## Task
Leave out all pictures and retype exactly the lines from the one with "5 aprile 2024, Meclemburgo-Pomerania" through the last line of the material.

## Information provided
⁂

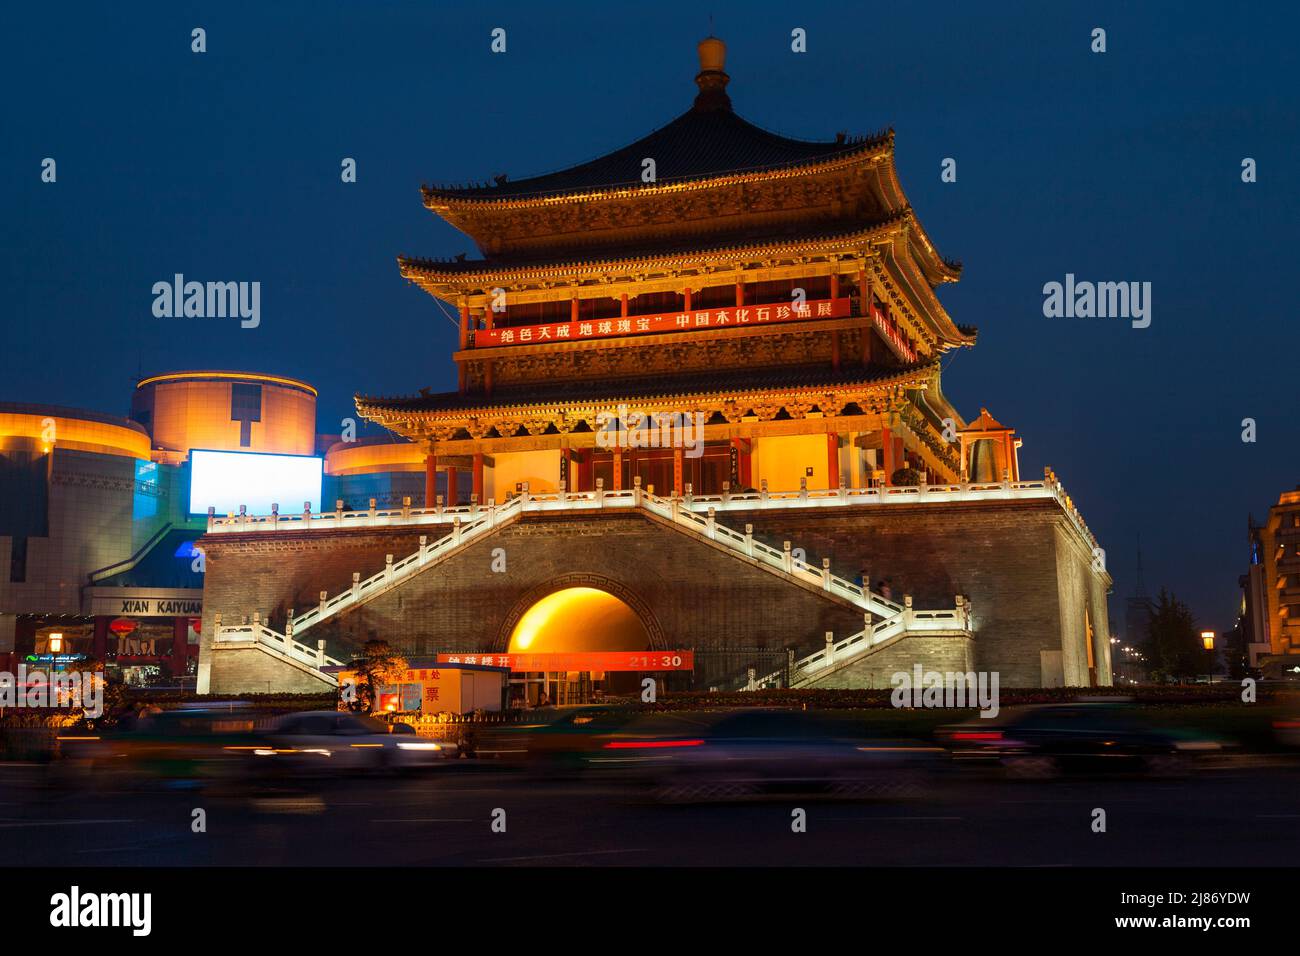 Glockenturm von Xi'an in der Nacht; außen vor dem historischen chinesischen Gebäude, das die Glocke beherbergt, die den Beginn des Tages und andere wichtige Zeiten in der alten Stadt Klang. China. (125) Stockfoto
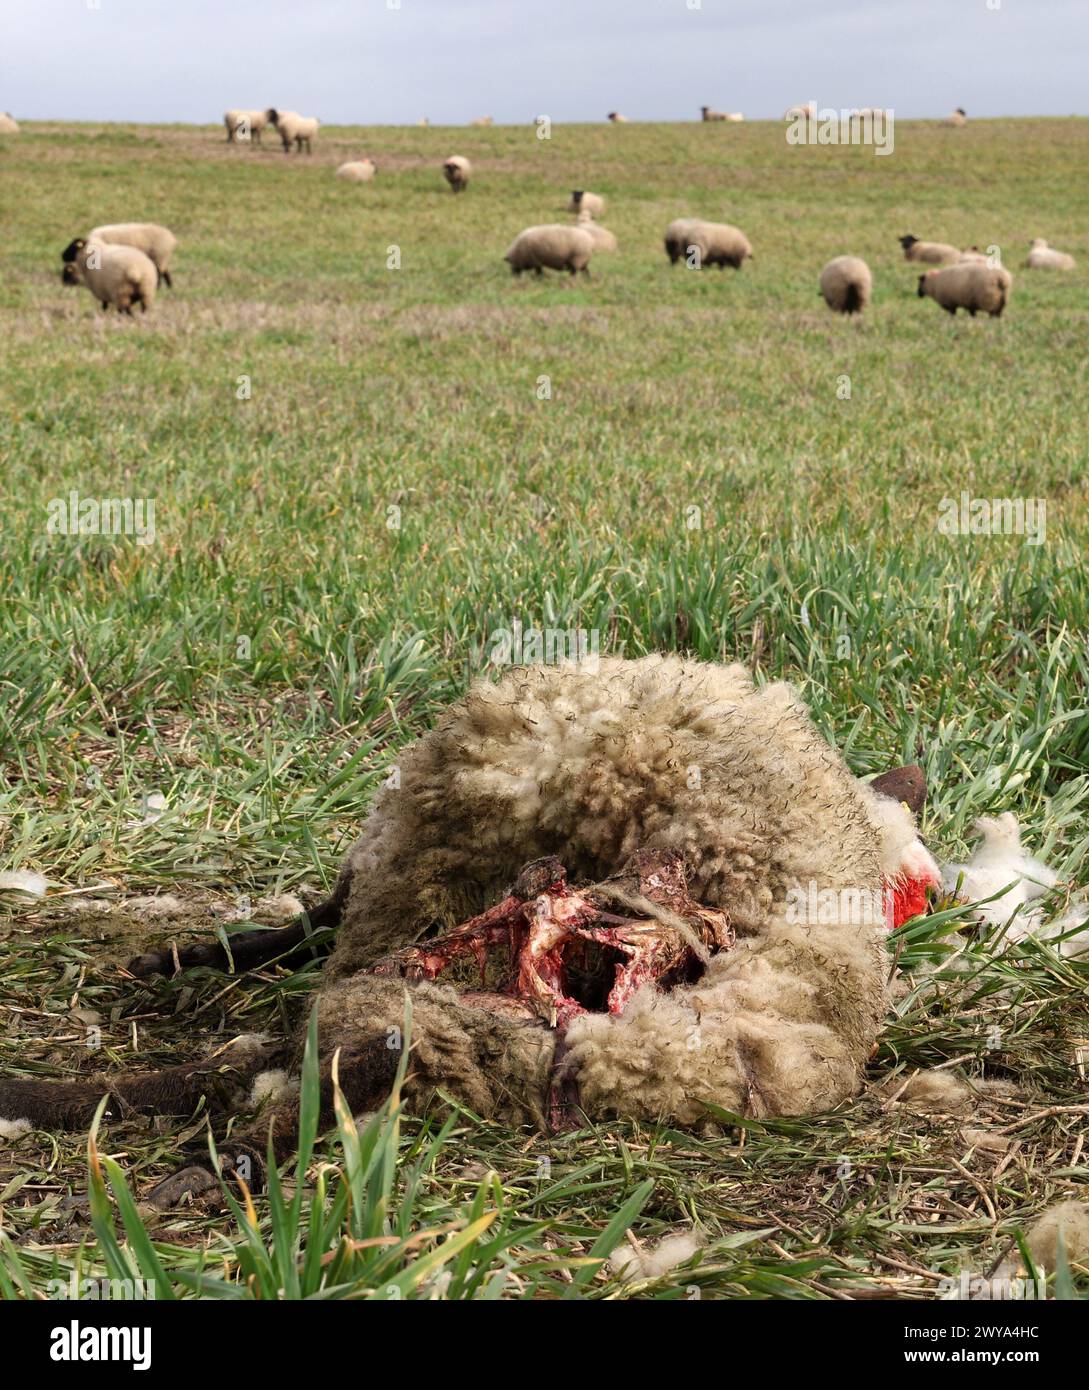 5 aprile 2024, Meclemburgo-Pomerania occidentale, Bad Sülze: Una pecora morta del gregge del pastore Ingo Stoll giace nel prato, altri animali pascolano sullo sfondo. In quello che si ritiene essere il terzo attacco da parte dei lupi quest'anno, 19 animali del gregge sono stati uccisi. Foto: Bernd Wüstneck/dpa Foto Stock
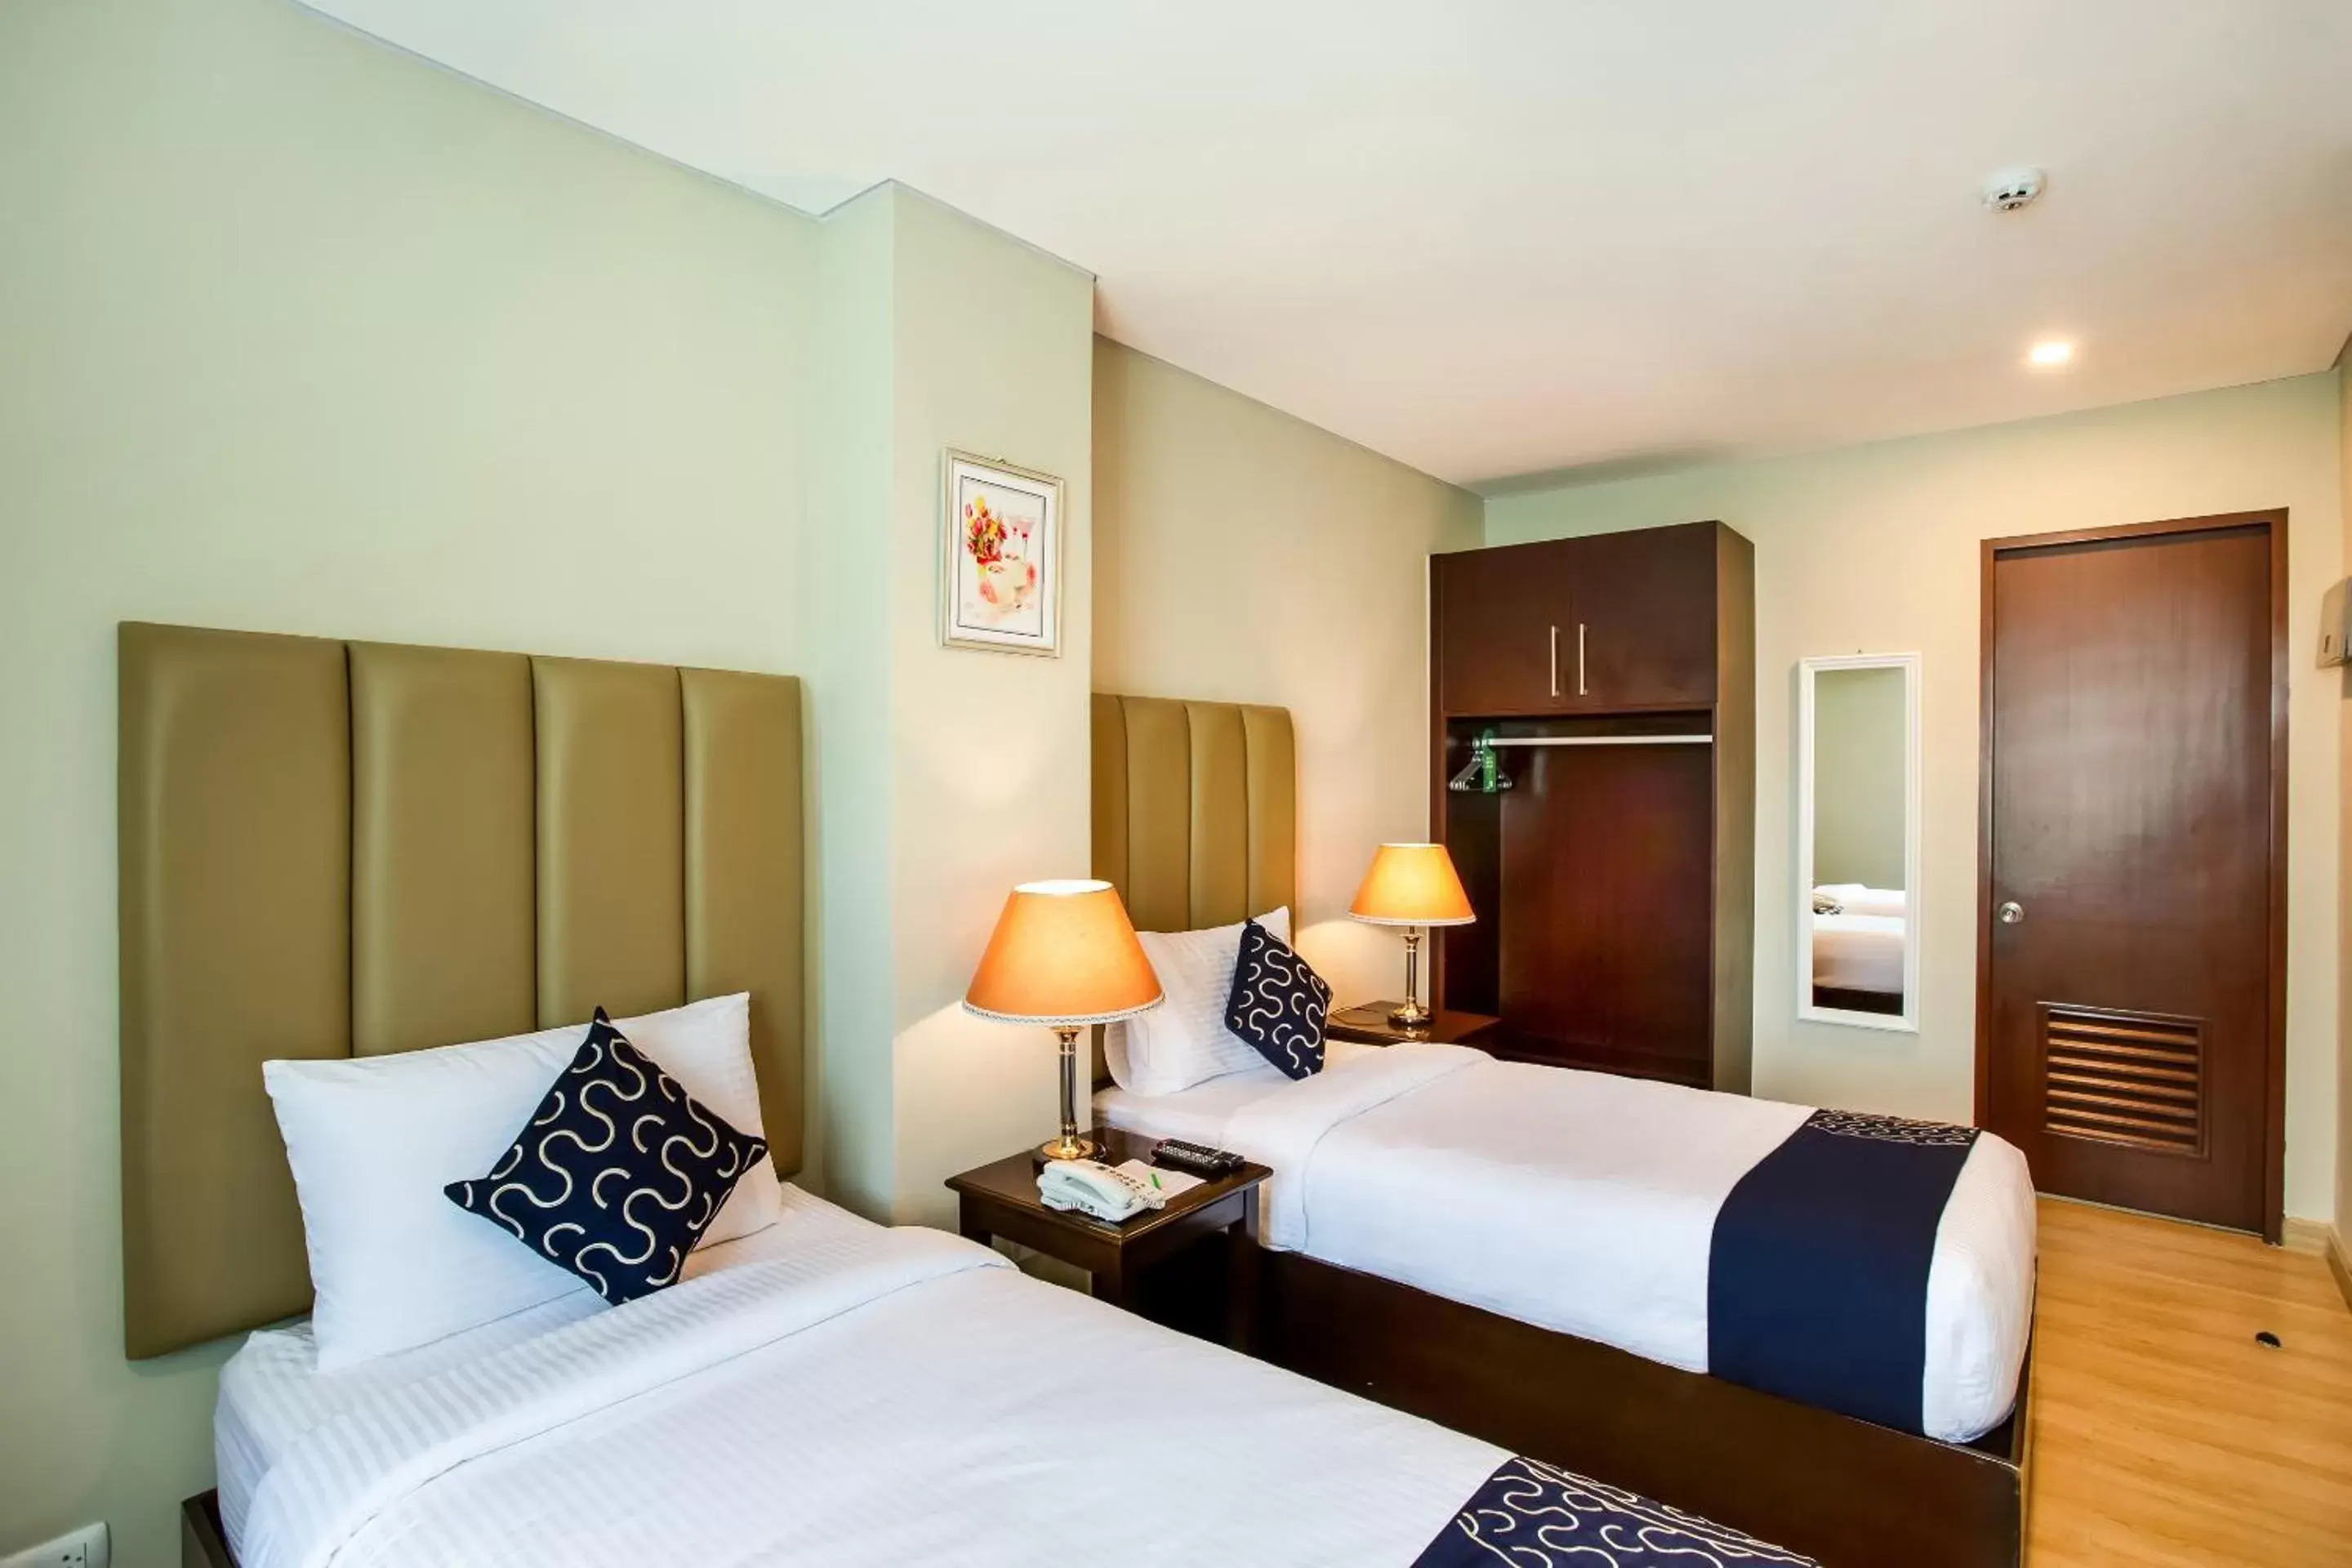 Bedroom, Bed in Capital O 461 Asrodel Hotel

⁂

## Answer to this task
 5 aprile 2024, Meclemburgo-Pomerania occidentale, Bad Sülze: Una pecora morta del gregge del pastore Ingo Stoll giace nel prato, altri animali pascolano sullo sfondo. In quello che si ritiene essere il terzo attacco da parte dei lupi quest'anno, 19 animali del gregge sono stati uccisi. Foto: Bernd Wüstneck/dpa Foto Stock
 Bedroom, Bed in Capital O 461 Asrodel Hotel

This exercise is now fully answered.